TASK PROMPT: Reproduce from the records below, with no pictures, exactly the lines between the one containing "The village of" and the one containing "Liverpool Labour To Draw Against Fulham", inclusive.

*** INPUT Section Begins ***

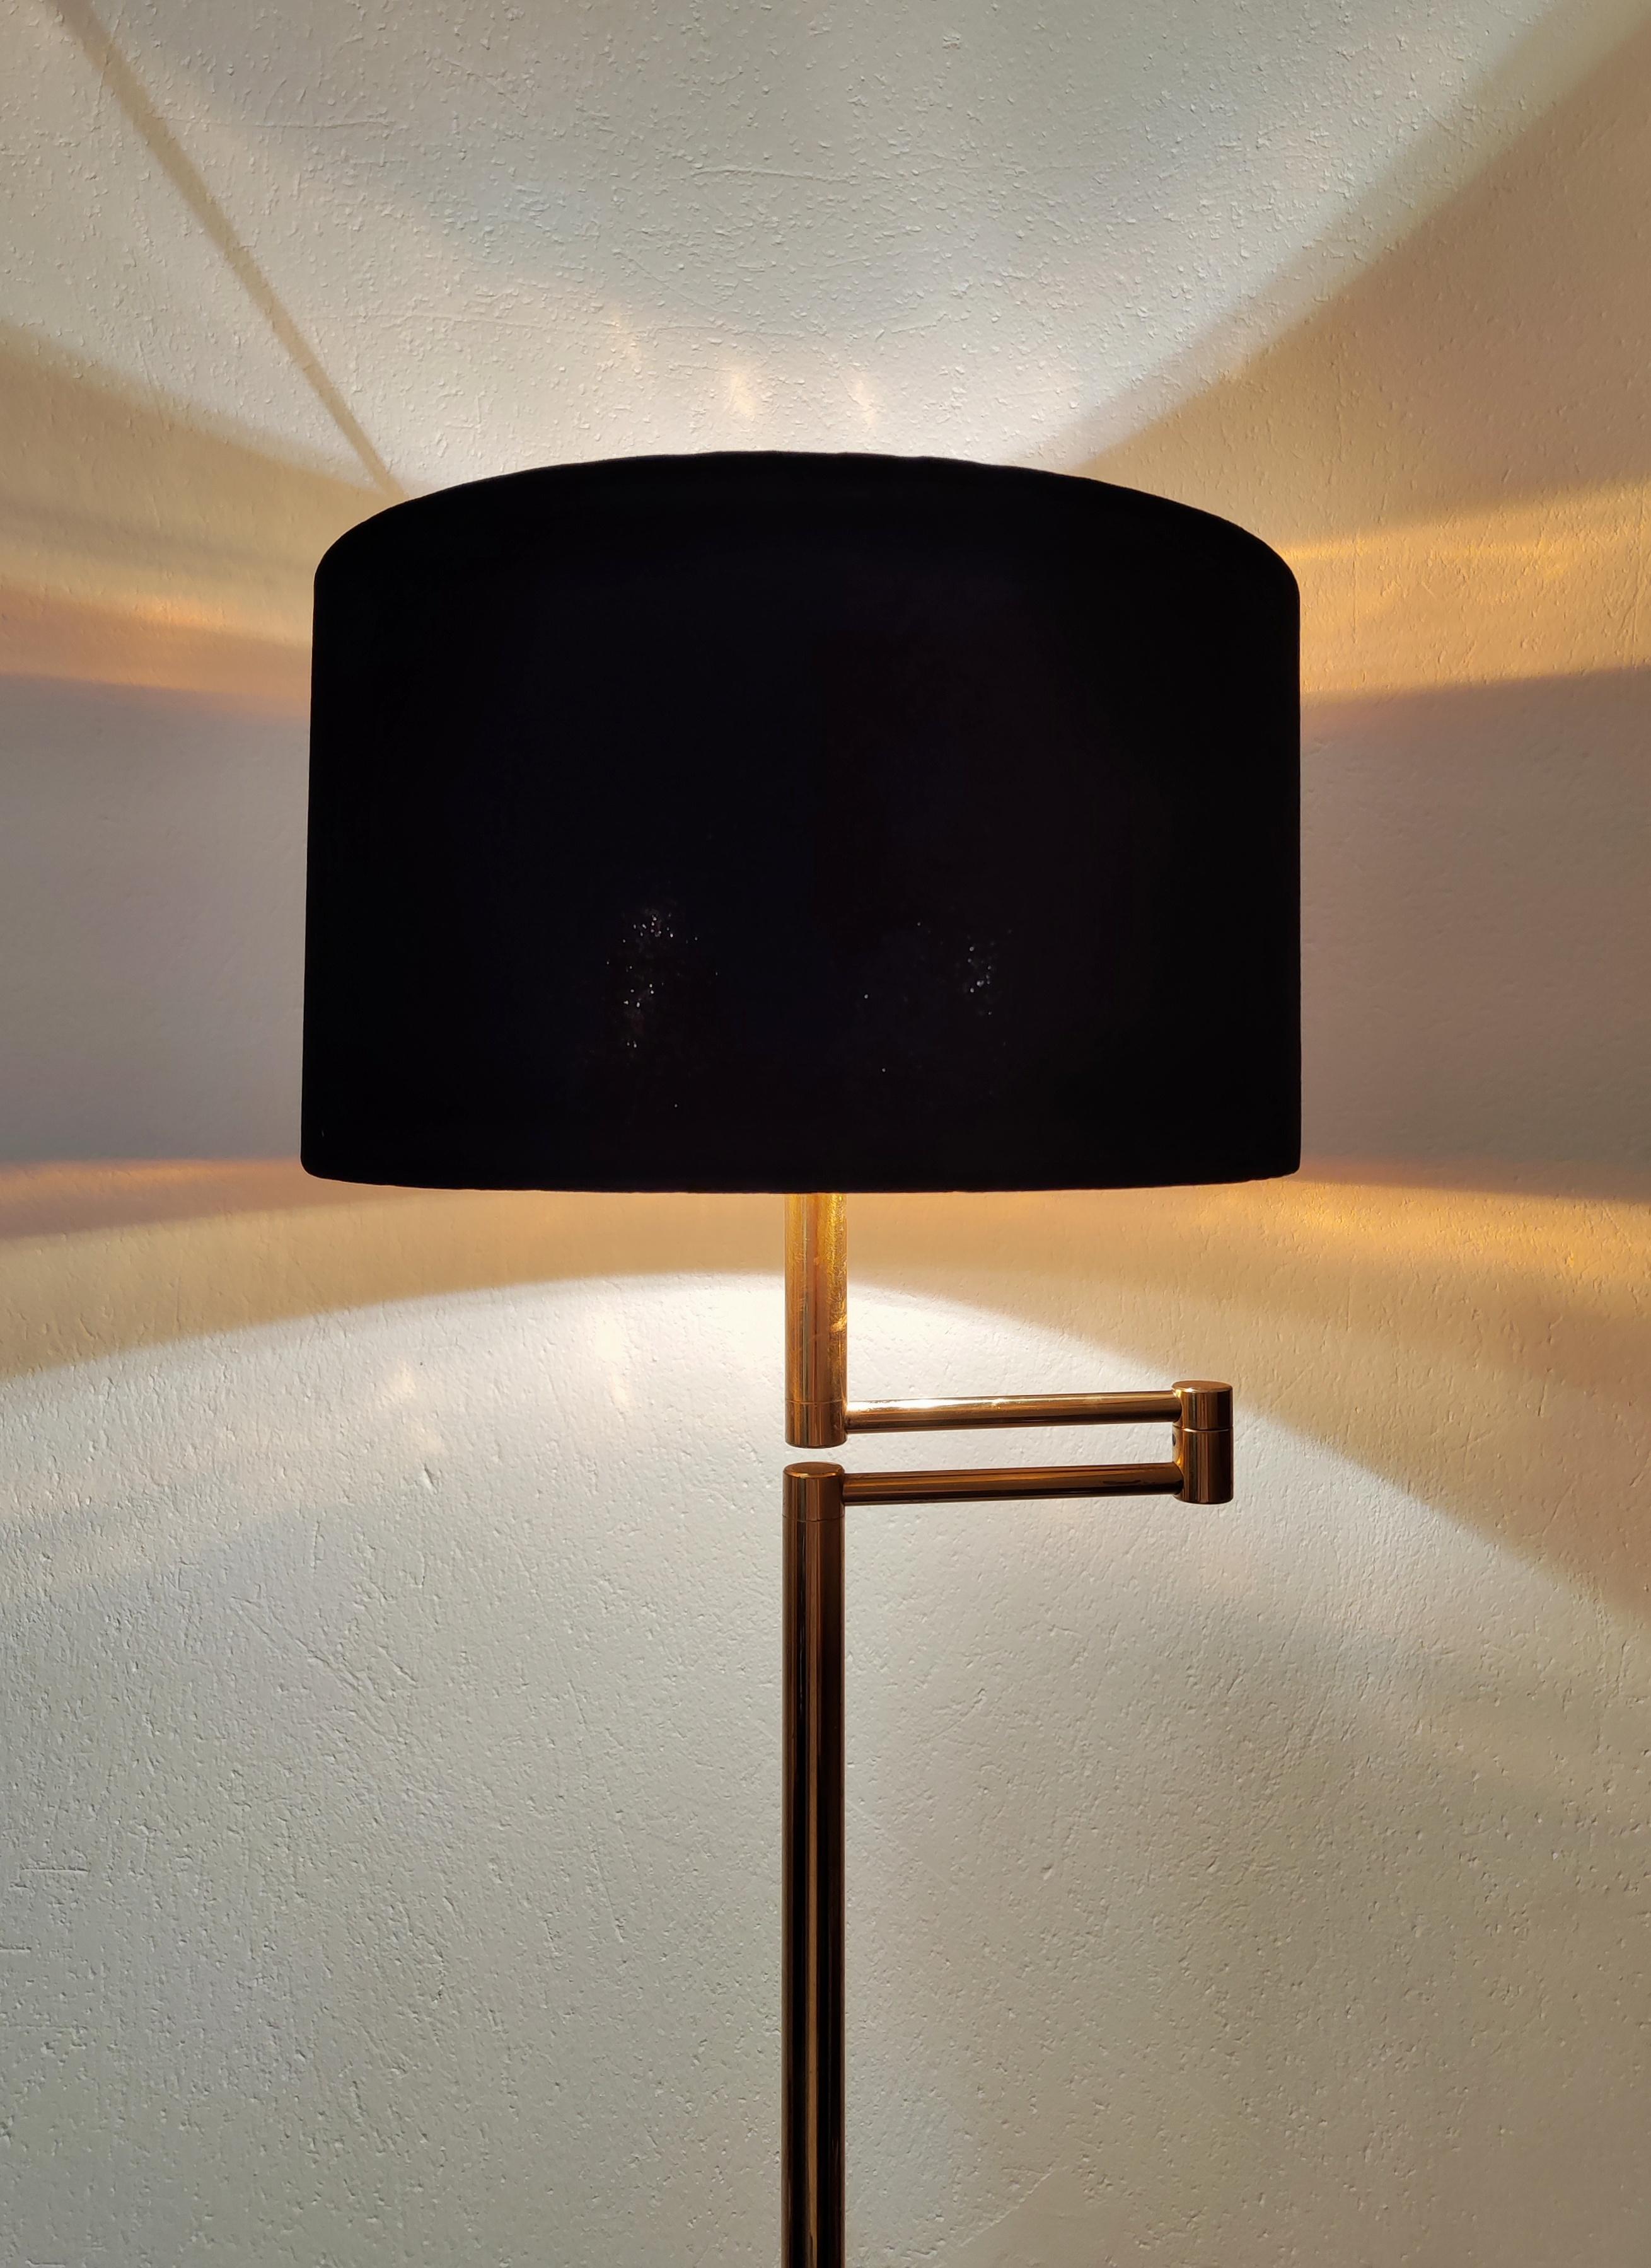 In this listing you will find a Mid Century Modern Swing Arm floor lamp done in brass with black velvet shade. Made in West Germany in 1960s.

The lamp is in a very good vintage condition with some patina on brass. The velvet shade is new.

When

*** INPUT Section Ends ***
*** INPUT Section Begins ***

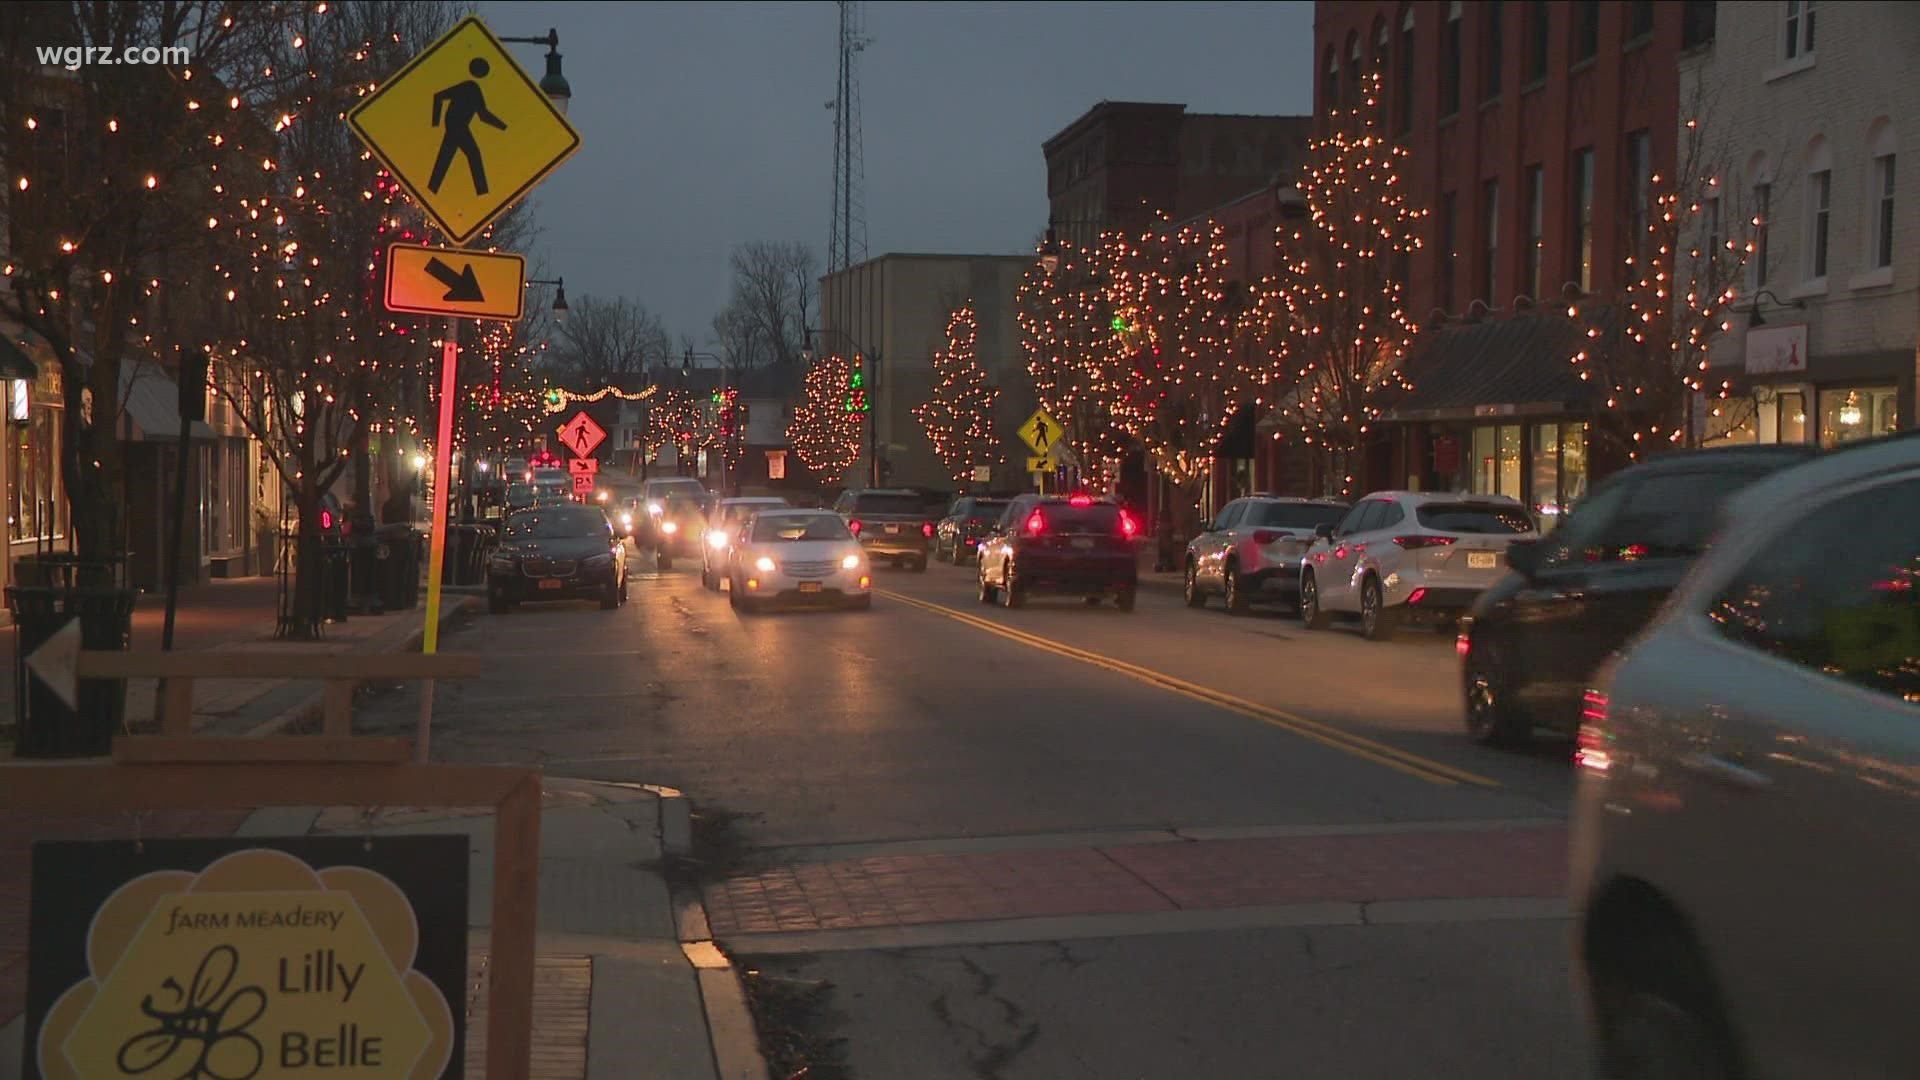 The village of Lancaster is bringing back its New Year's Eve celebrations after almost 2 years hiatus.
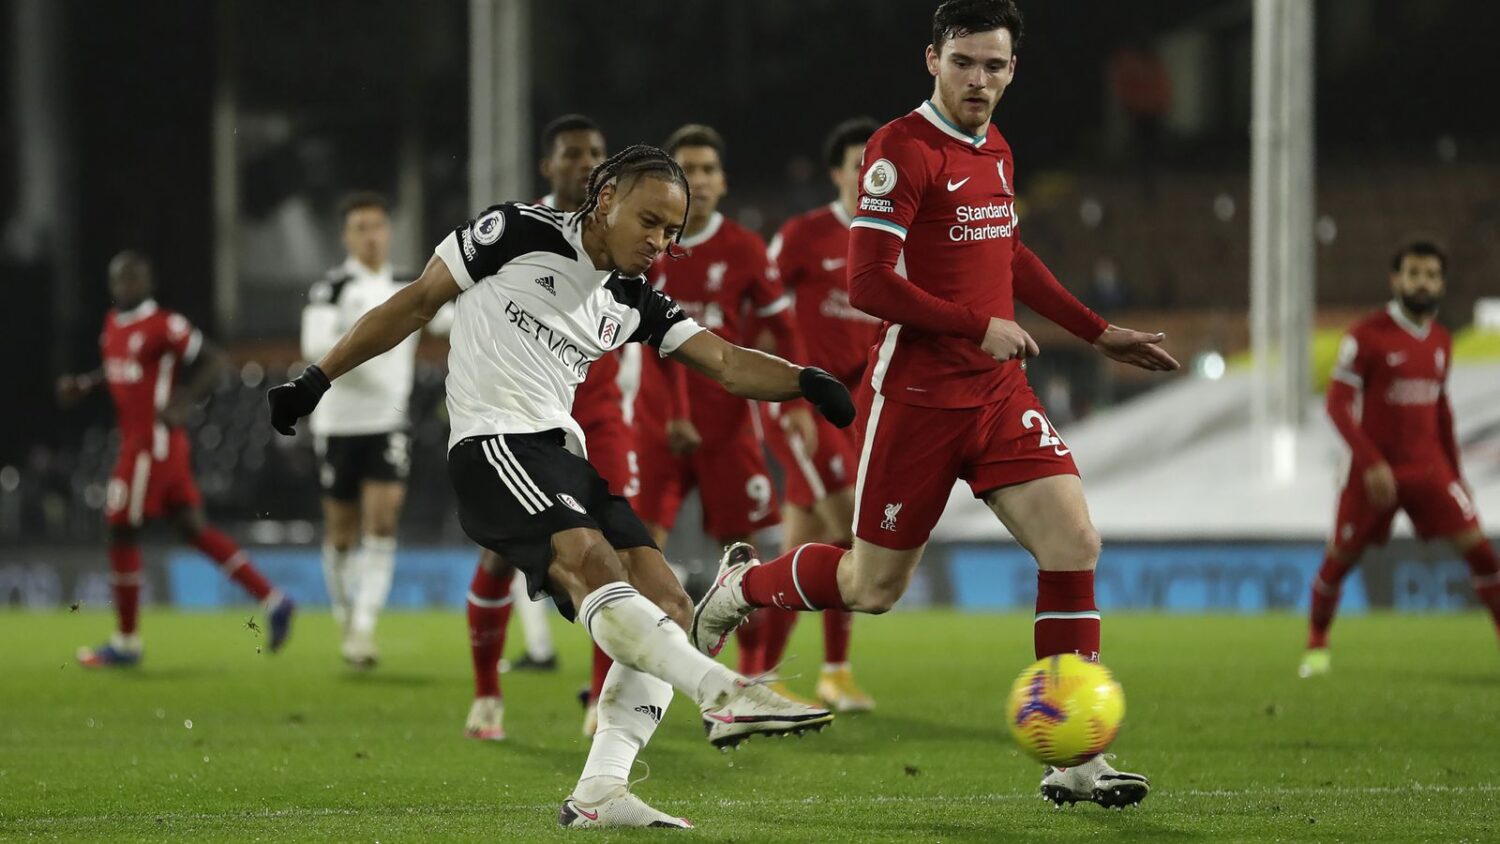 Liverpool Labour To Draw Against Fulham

*** INPUT Section Ends ***

THE COMPLETED TASK:
 The village of Lancaster is bringing back its New Year's Eve celebrations after almost 2 years hiatus.
 Liverpool Labour To Draw Against Fulham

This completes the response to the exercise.